Question

Let R₀ denote the set of all non-zero real numbers and let A = R₀ × R₀. If '*' is a binary operation on A defined by

(a, b) * (c, d) = (ac, bd) for all (a, b), (c, d) ∈ A

Show that '*' is both commutative and associative on A ?

Answer 1

\[\text{ Commutativity }: \] 
\[ \text{ Let } \left( a, b \right) \text{ & }\left( c, d \right) \in A \forall a, b, c, d \in R_0 . \text{ Then }, \] 
\[\left( a, b \right) * \left( c, d \right) = \left( ac, bd \right)\] 
                      \[ = \left( ca, db \right)\] 
                      \[ = \left( c, d \right) * \left( a, b \right)\] 
\[ \therefore \left( a, b \right) * \left( c, d \right) = \left( c, d \right) * \left( a, b \right)\] 
\[\text{Thus, * is commutaive on A} . \] 

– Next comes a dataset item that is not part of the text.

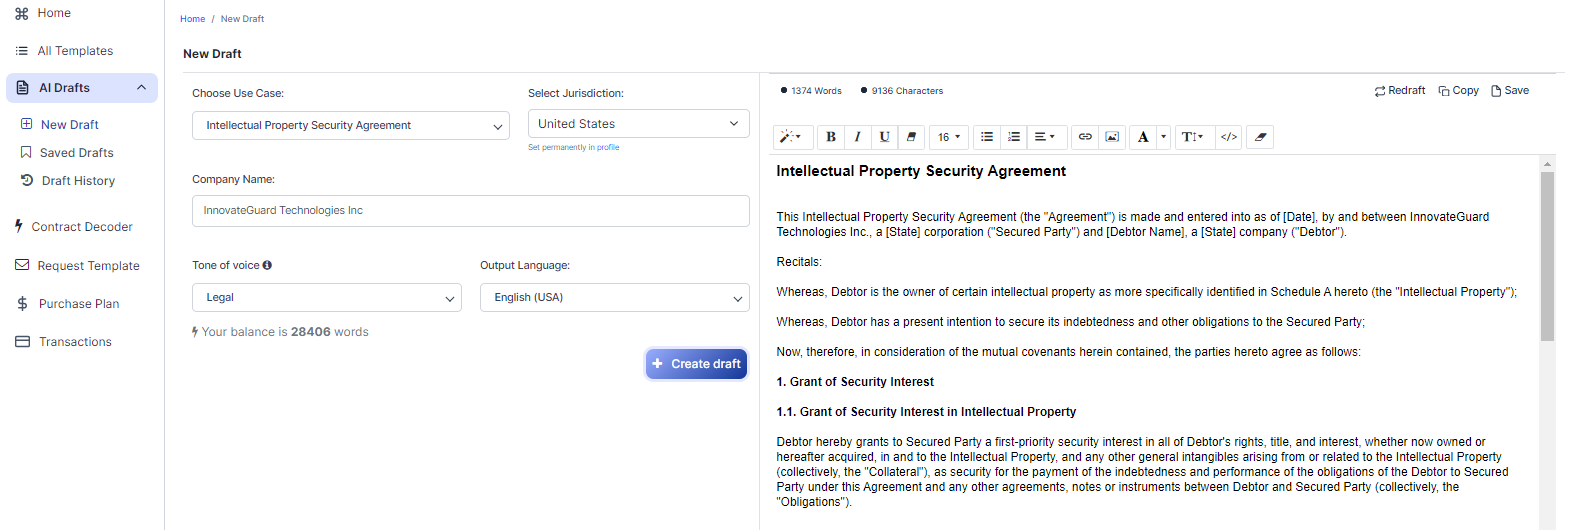 Intellectual Property Security Agreement template

\[\text{ Associativity }: \] 

\[\text{ Let } \left( a, b \right), \left( c, d \right) \text{&}\left( e, f \right) \in A \forall a, b, c, d, e, f \in R_{0,} . \text{ Then }, \] 
\[\left( a, b \right) * \left( \left( c, d \right) * \left( e, f \right) \right) = \left( a, b \right) * \left( ce, df \right)\] 
                                       \[ = \left( ace, bdf \right)\] 
\[\left( \left( a, b \right) * \left( c, d \right) \right) * \left( e, f \right) = \left( ac, bd \right) * \left( e, f \right)\] 
                                        \[ = \left( ace, bdf \right)\] 
\[ \therefore \left( a, b \right) * \left( \left( c, d \right) * \left( e, f \right) \right) = \left( \left( a, b \right) * \left( c, d \right) \right) * \left( e, f \right)\] 
\[\text{ Thus, * is associative on A } . \]